Ways to leverage Optane in 12.0? (given 4k speed+latency, could Metadata+SLOG share devices, and is L2ARC less useful)

Stilez · Jul 9, 2020

So for this question, I need to give a bit of background.

BACKGROUND: MY SYSTEM UNDER 11.3:

My pool data is very large, very dedupable files (20TB of VMs), to the point that the extra hardware for dedup was worth it to save HDD costs (3.5 x dedup, I'm saving about 200TB of SAS3 raw disk cost with dedup).

To handle dedup, the structure under 11.3 has been:

4 core Xeon
3 way mirrored enterprise SAS3 for the pool (for speed/resilience)
256GB DDR4 @ 2400, to allow caching of the entire DDT and metadata as well as files, with ease. (I set a 140GB ARC reservation on metadata to prevent any eviction)
480GB Optane 905p (PCIE 3.0 x 4) L2ARC, added later, to try and improve things.
P3700 (PCIE) for SLOG/ZIL, although so far its been all FreeBSD+Samba so I havent had much sync IO to making use of it.

It only somewhat worked. The file system still really struggled, the reason being spacemap/metaslab inefficiency, and the need to preload DDT via 4k IO before any sizeable operation - reading relevant DDT from HDD took long enough for the operation to time out.

I largely fixed the metadata issue by rebuilding the pool and changing its block size/metaslab count (there's a Matt Ahrens paper on that), and also set a tunable to preloading it. But similar options don't existed for DDT. So despite my best efforts, when I write a big file >20GB, gstat showed a periodic flood of 4k DDT reads lasting 30 - 90 seconds a time, easily enough to stall the actual file operation.

Trying to load the relevant parts of a 50GB DDT using 4k IO honestly doesn't work :) Of course that left ARC warm, so rerunning the file operation worked very fast, but that's not an answer. But v12 was coming, so I bided my time.....

PROPOSED SYSTEM CHANGES WITH v12:

Under TrueNAS Core v12 I can offload metadata, spacemaps, and DDT, all to a special vdev chosen to handle 4k IO incredibly well. Also I notice for future that DDT preloading/persistent L2ARC and other things are in the OpenZFS pipeline.

So my v12 rebuild will have mirrored optane 905p 480GB as a special class vdev. With luck, the only remaining problem will be CPU demand of DDT hashing, and that's fixable with a better CPU if a problem. But then I thought......

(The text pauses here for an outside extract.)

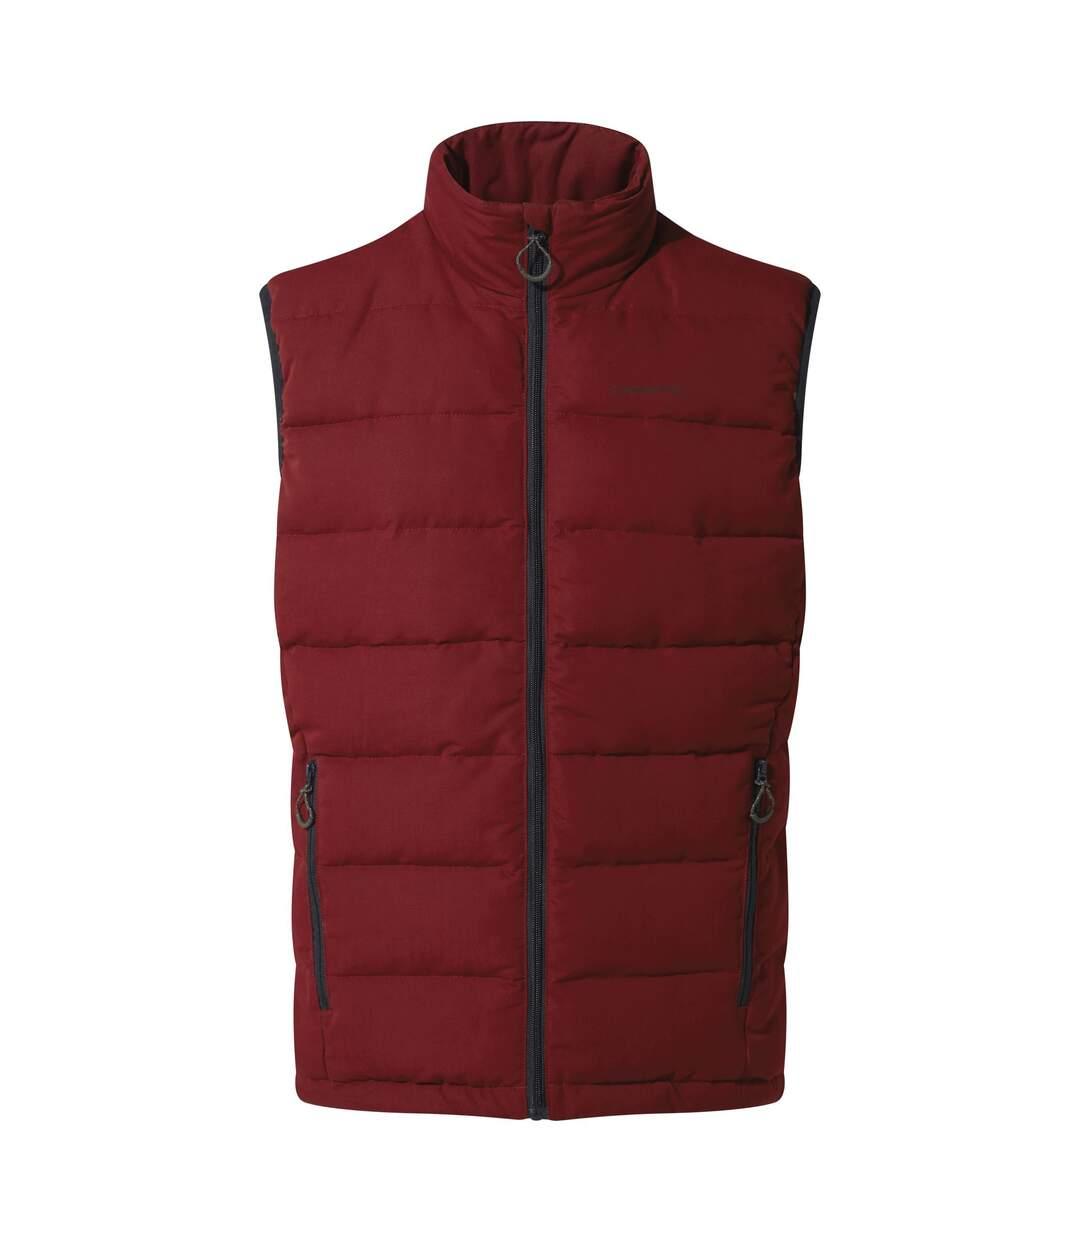 Craghoppers Mens Eldrick Downlike Vest (Firth Red/Platinum/Black) - UTCG1036

Optane is so good at low queue depth 4k IO and generally, that it leaves me wondering about whether I can leverage this idea even further......

MY QUESTIONS:

So, I'm thinking of partitioning both Optanes' nominal 480GB, down to nominal 430GB + 50GB, so instead of 1 x 480GB mirror, ZFS sees a 430GB mirror + 50GB mirror. Redundancy is still good, and a 430GB mirror is still plenty for my foreseeable metadata+DDT needs.

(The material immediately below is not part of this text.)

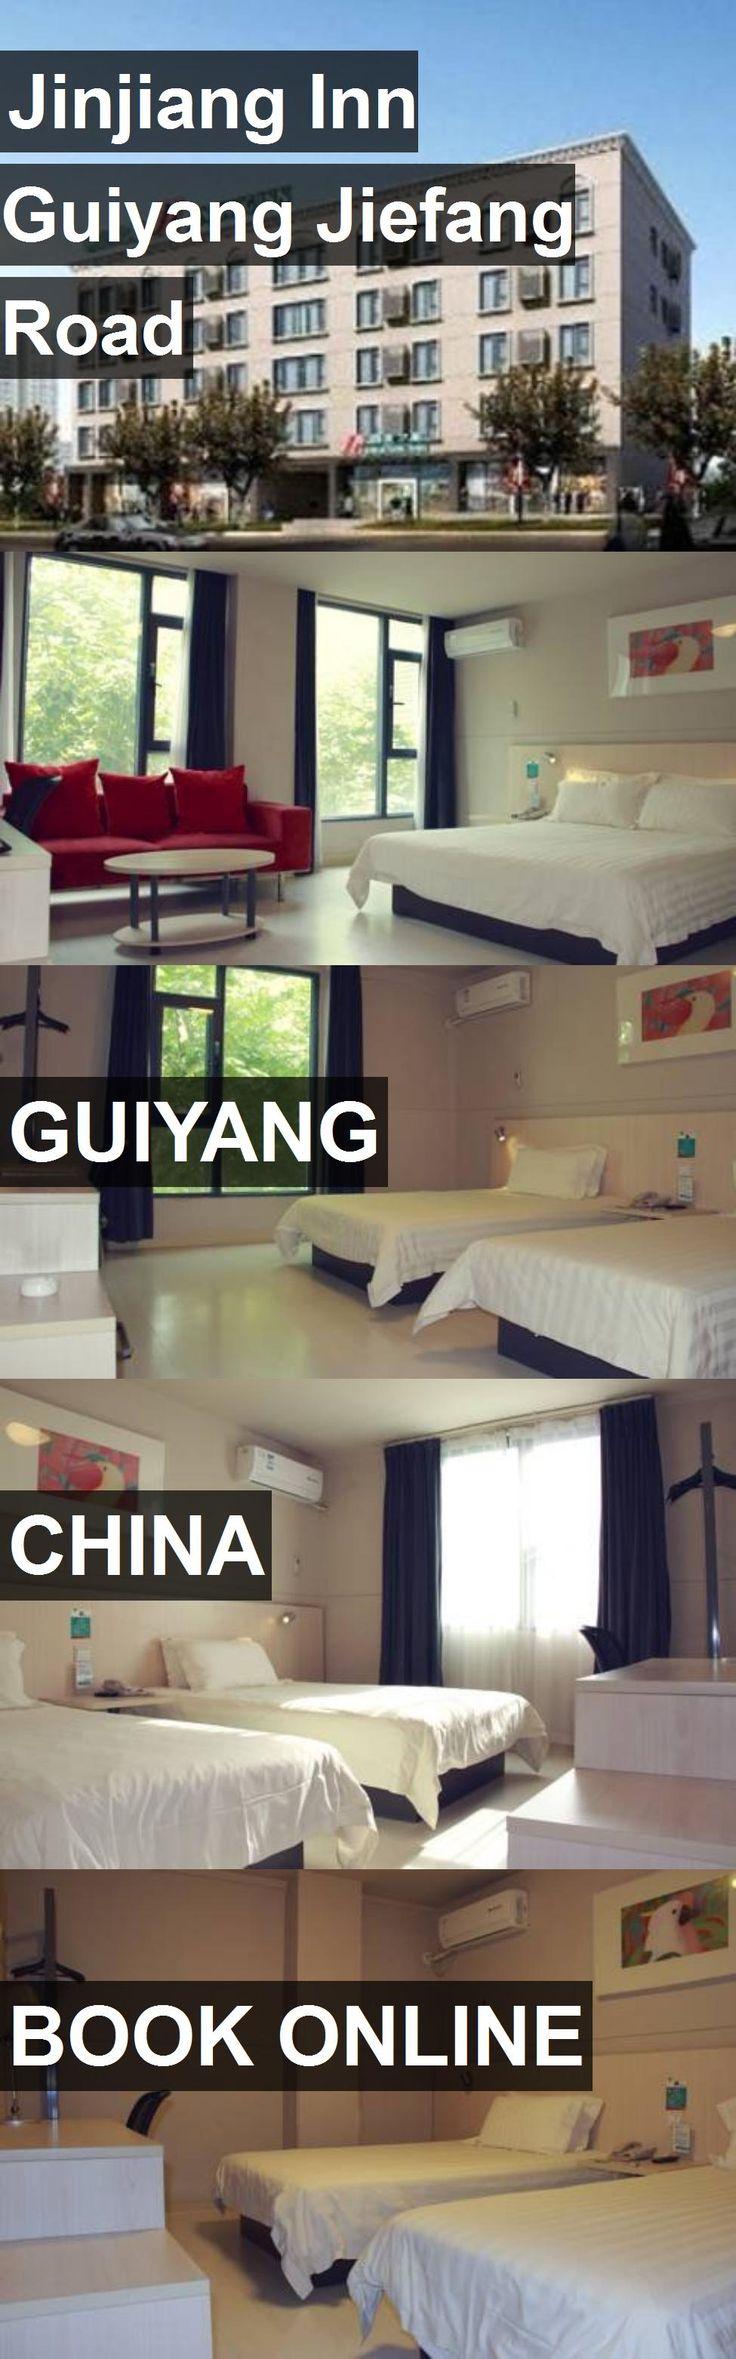 Hotel Jinjiang Inn Guiyang Jiefang Road in Guiyang, China. For more information, photos, reviews and best prices please follow the link. #China #Guiyang #JinjiangInnGuiyangJiefangRoad #hotel #travel #vacation

Usually ZFS is recommended to use entire disks, but thats for efficiency purposes. I suspect that won't be an issue, or the gains may outweigh the losses.

As I see it, by moving SLOG to my special vdev devices, ZFS ends up with a mirrored Optane SLOG device that's probably many times faster (latency-wise) than my P3700, even if I allow for it sharing IO with a special metadata vdev, and moving from write only to mixed RW. And now it'll be redundant as well. And have mirrored speed on reads. And I'm not using sync IO much anyway so most of the time it's irrelevant.

Q: Is ditching the P3700 and moving SLOG to a partition on my mirrored Optane special vdev, a total win, or am I missing something?
I'm also considering whether I need my existing L2ARC any more. After all, it can't possibly be faster than the special vdev anyway, and it only exists to try and speed up metadata/DDT. There's plenty of RAM to cache all metadata and over 100 GB of file data as well. I only got the L2ARC to try and help with metadata/DDT caching/eviction. But with metadata/DDT on mirrored optane anyway, that seems redundant now.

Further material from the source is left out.